堂シリーズはついにここまできたか 解説 村上貴史(ミステリ書評家) 謎の宗教団体・BT教団の施設だった二つの館の建つ伽藍島。リーマン予想解決に関わる講演会のため訪れた、放浪の数学者・十和田只人と天才・善知鳥(うとう)神、宮司兄妹。その夜、ともに招かれた数学者二人が不可能と思われる”瞬間移動”殺人の犠牲となる。秘められた不穏な物語がさらに動く”堂”シリーズ第四弾。
引用:出版社より

ネタバレなしの感想

そもそも「謎の宗教団体・BT教団」。
この一言だけで好み。
いいですよね、謎の宗教団体。
そもそも宗教とミステリーの組み合わせって食い合わせ最高じゃないですか。
その上、瞬間移動ですって!
ようはアリバイトリックなんだろうな、と思うんですけど、それでもその不可能さを表す言葉として”瞬間移動”という言葉を持ってくることにワクワクせざるを得ない。

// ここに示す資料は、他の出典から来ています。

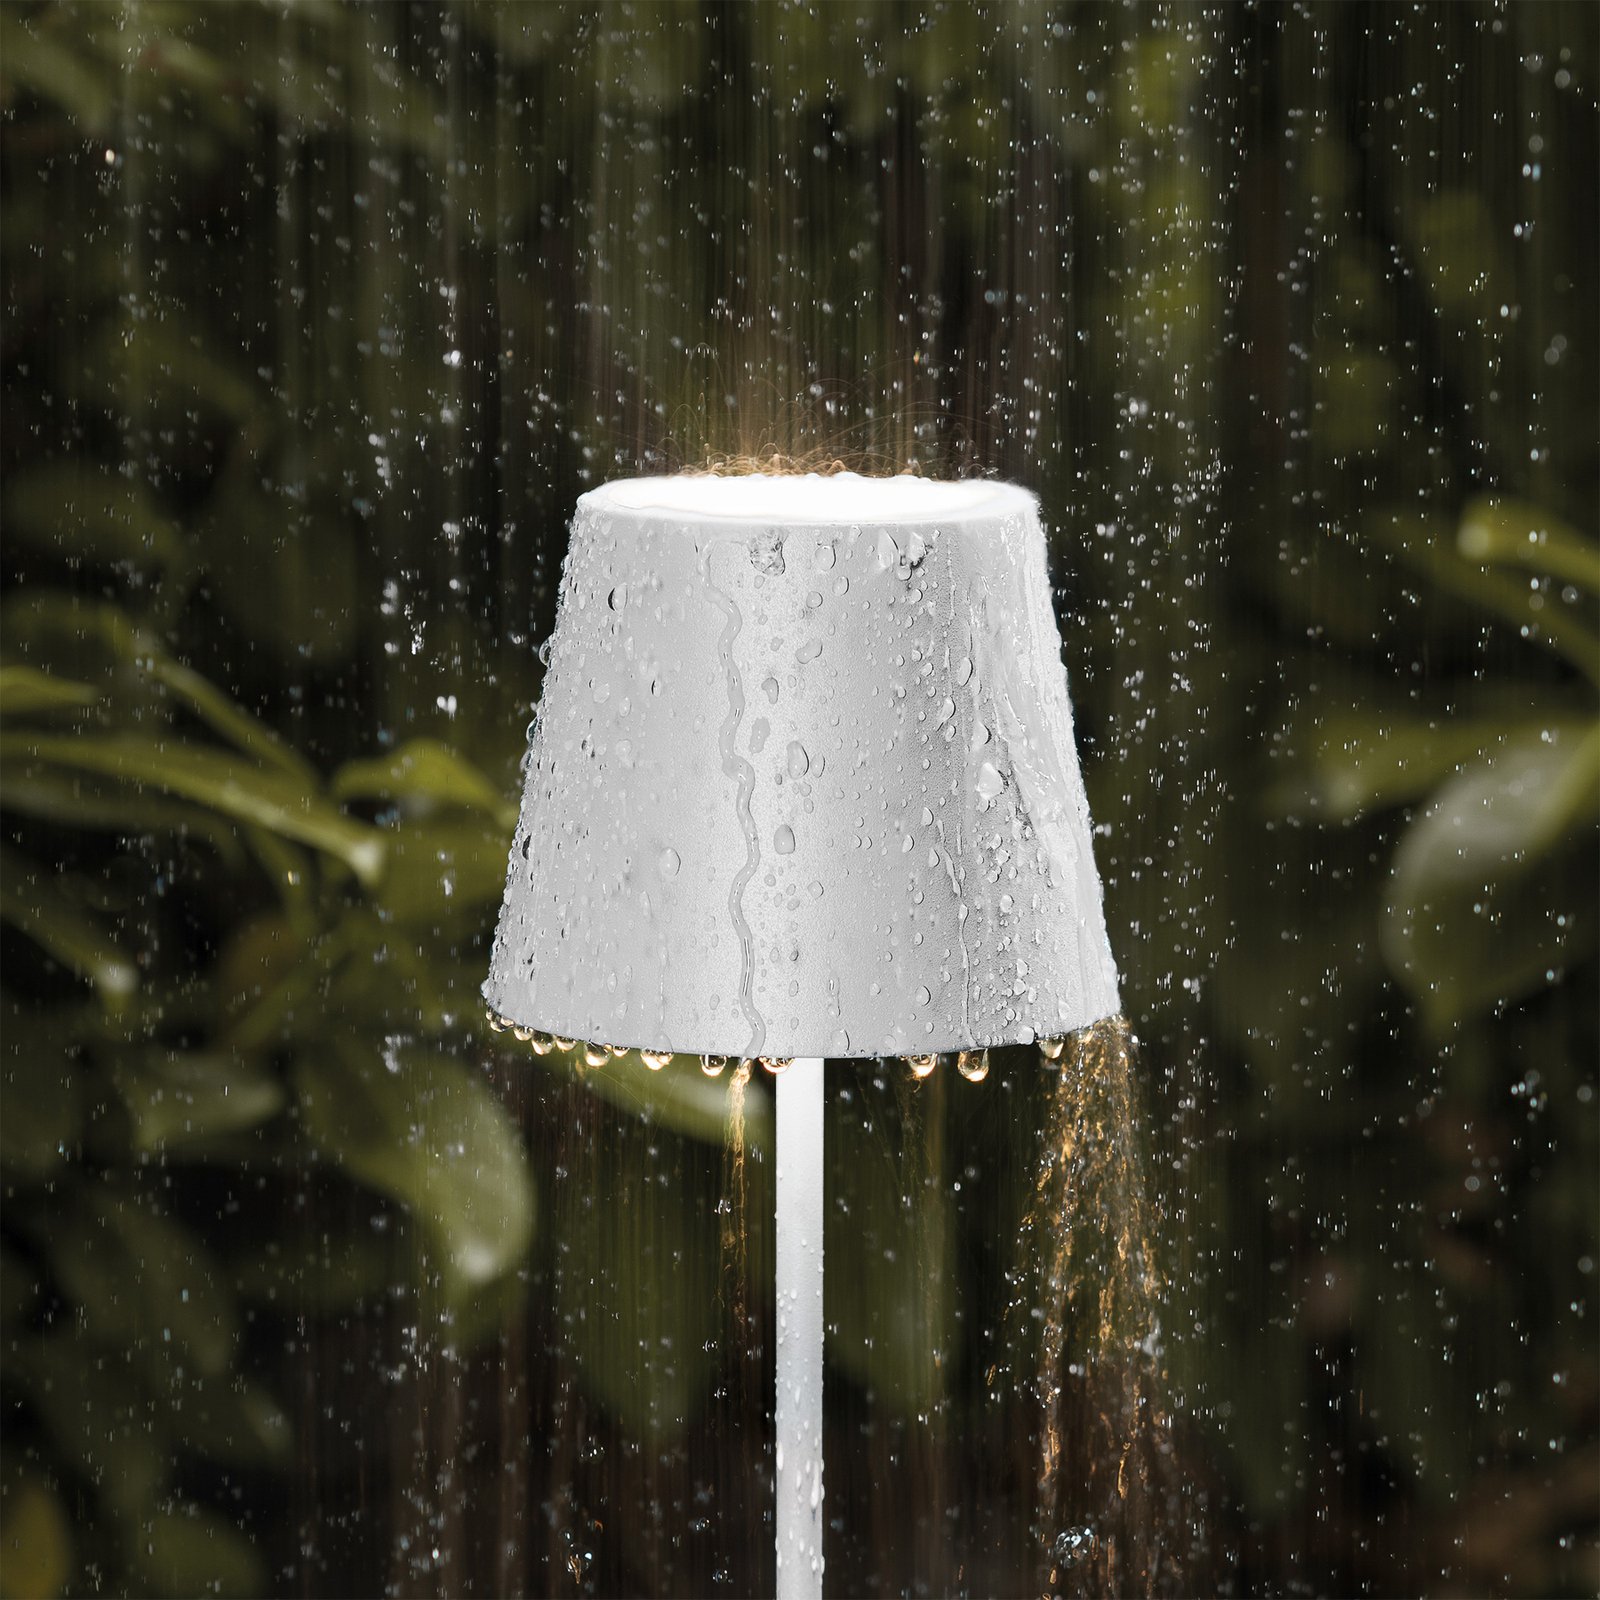 Lampe à poser LED Nuindie ronde 38 cm, blanc neige
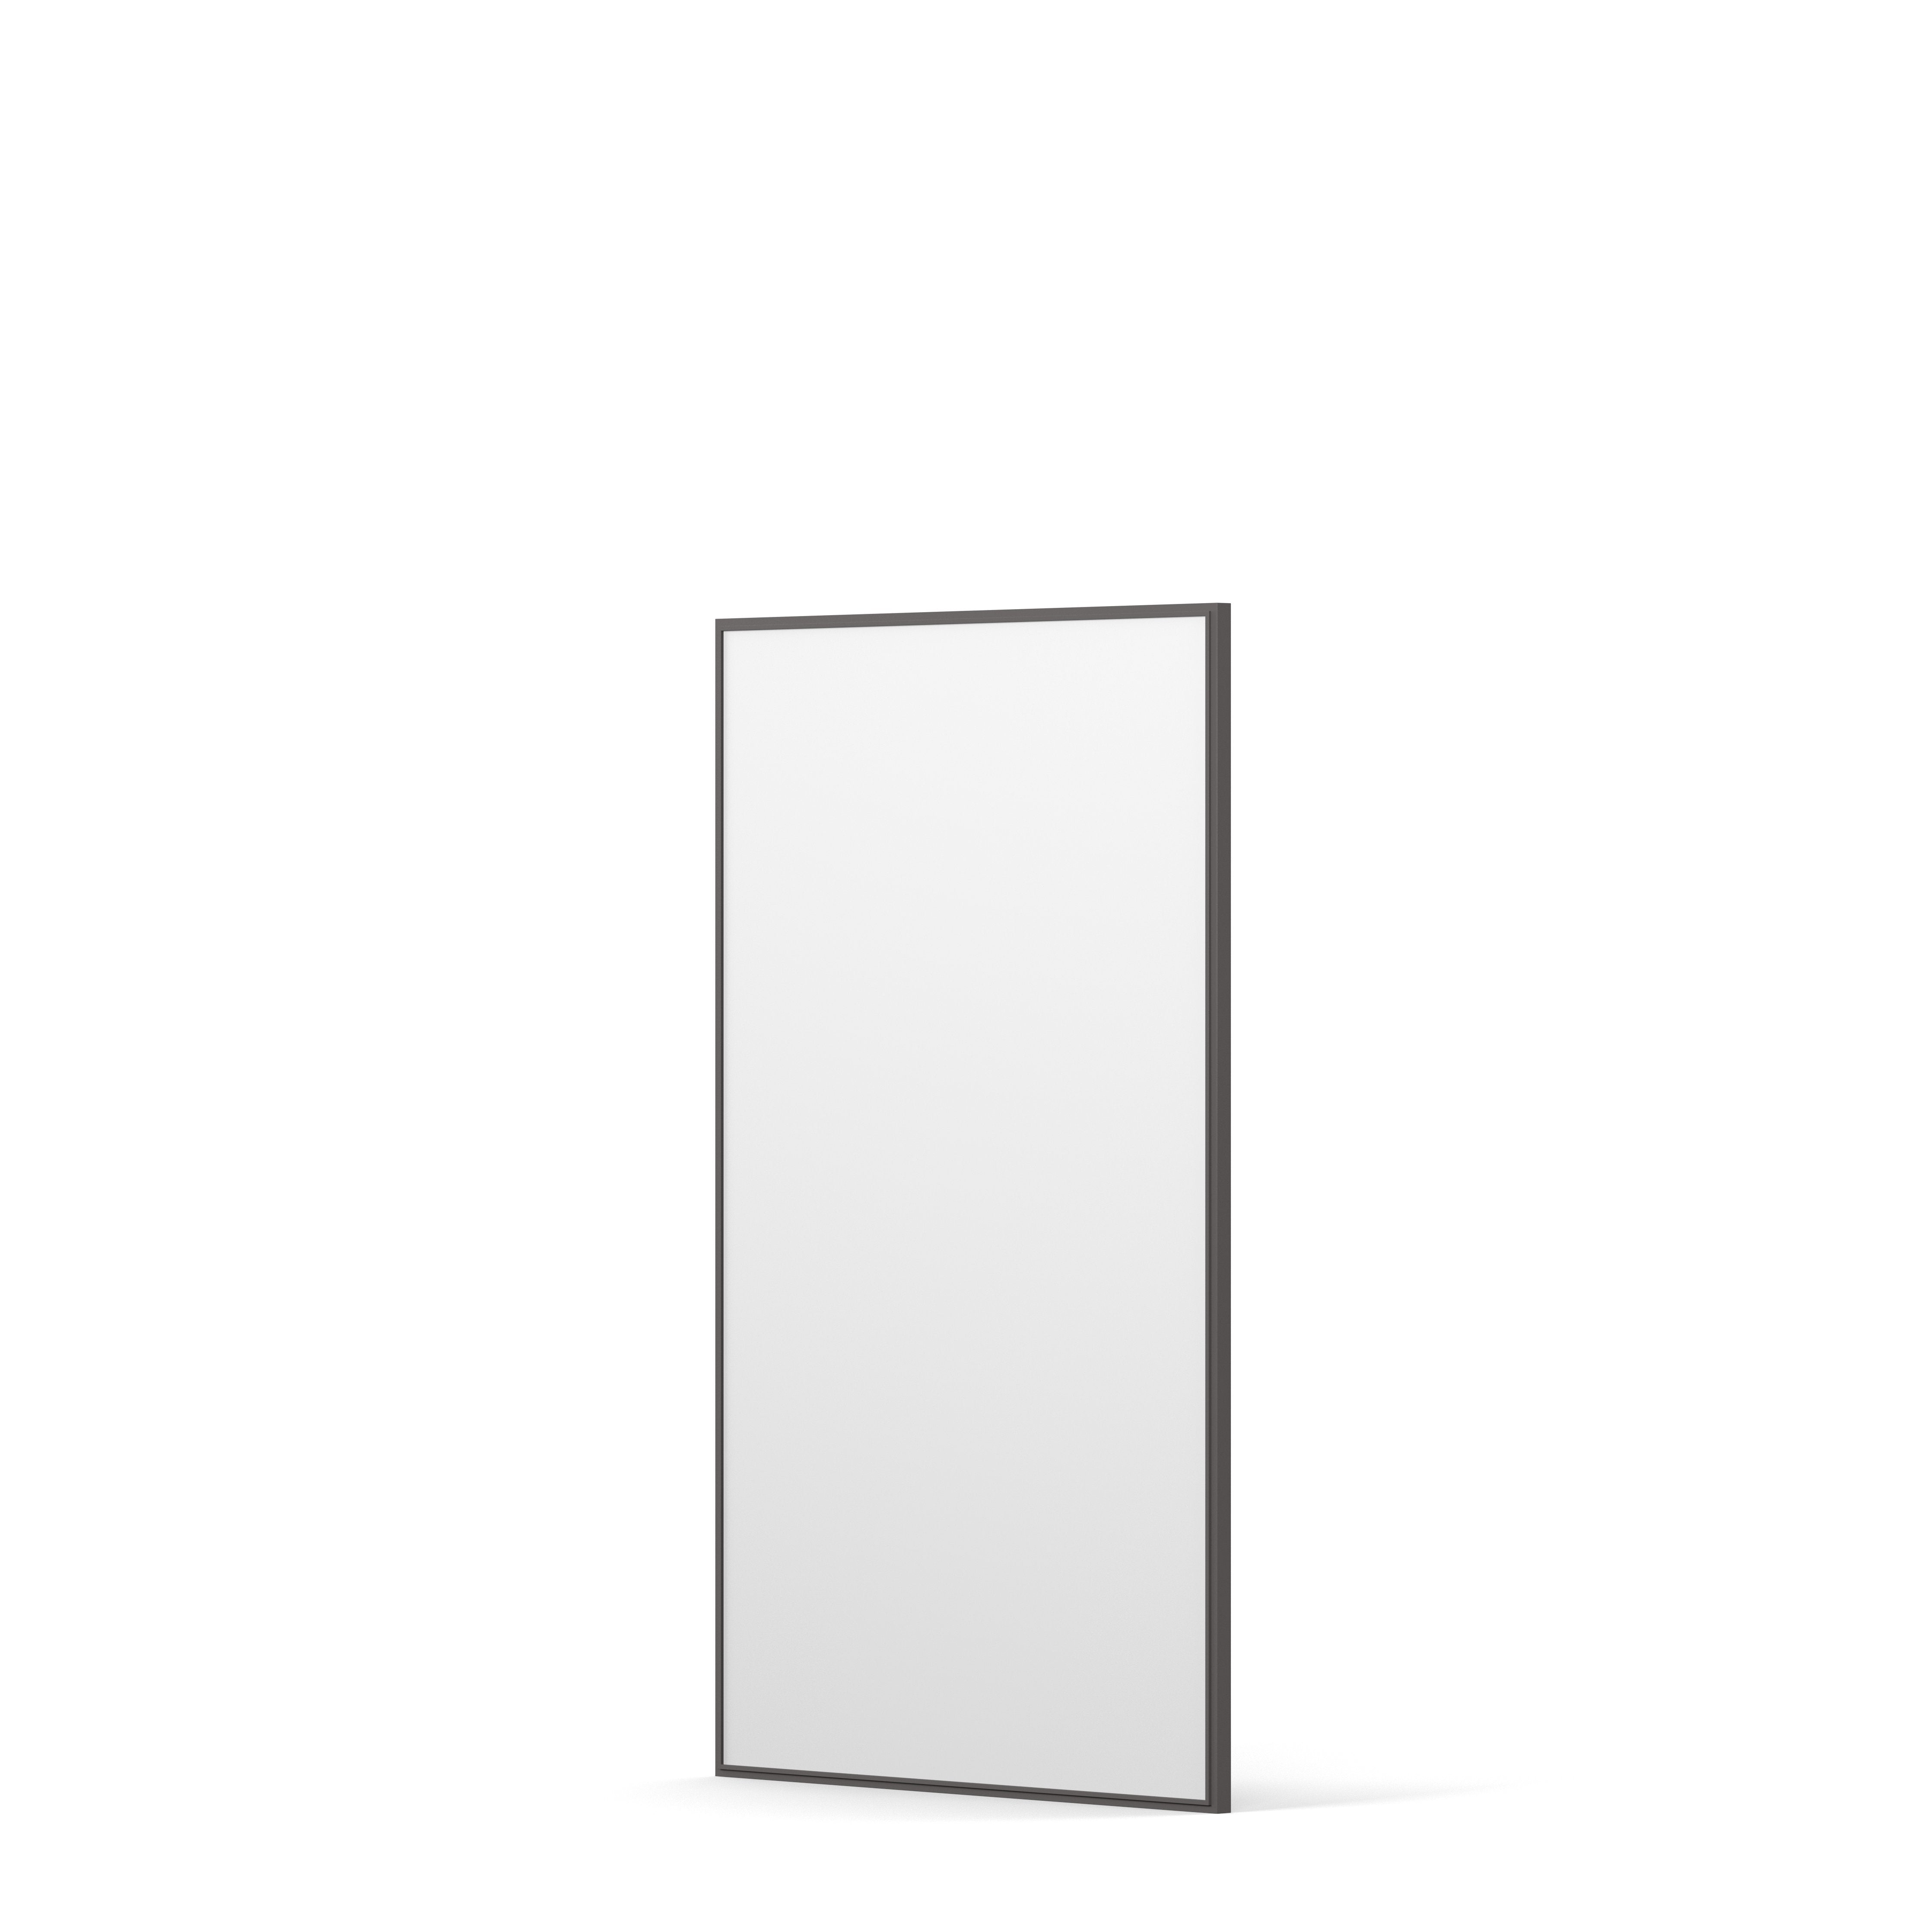 Englesson Cube Spegel Rektangulär #färg_Edge Grey #Colour_Edge Grey

もうシリーズのお約束となっていることもあって、建物が「回転」することは序盤で名言されます。

ネタバレありの感想

本作も壁の色が怪しいというのはすぐにわかるし、僕は照明を使って色を変えているのかと思ったけどそれは外れ。もっと単純な方法でした。
ともかく、壁の色で部屋を別に見せているのでは?=実は同じ部屋なのでは?
というところまではすぐにわかる。
あとはそれをどうやったのか?
何度も出てきた橋が回転したりして?と思ったのですが外れ。
部屋自体がサイコロのように回転する、という想像以上のスケールのデカさ。

そして何よりエピローグでの驚愕の展開。
その前までの展開が意外と地味な感じだったのですが、まさかこれまで探偵役を務めていた十和田が犯人に「転回」するとは。
本シリーズのテーマである「回転」というのが建物だけでなくキャラクターにも適用されはじめ、シリーズものとして一気に面白くなった。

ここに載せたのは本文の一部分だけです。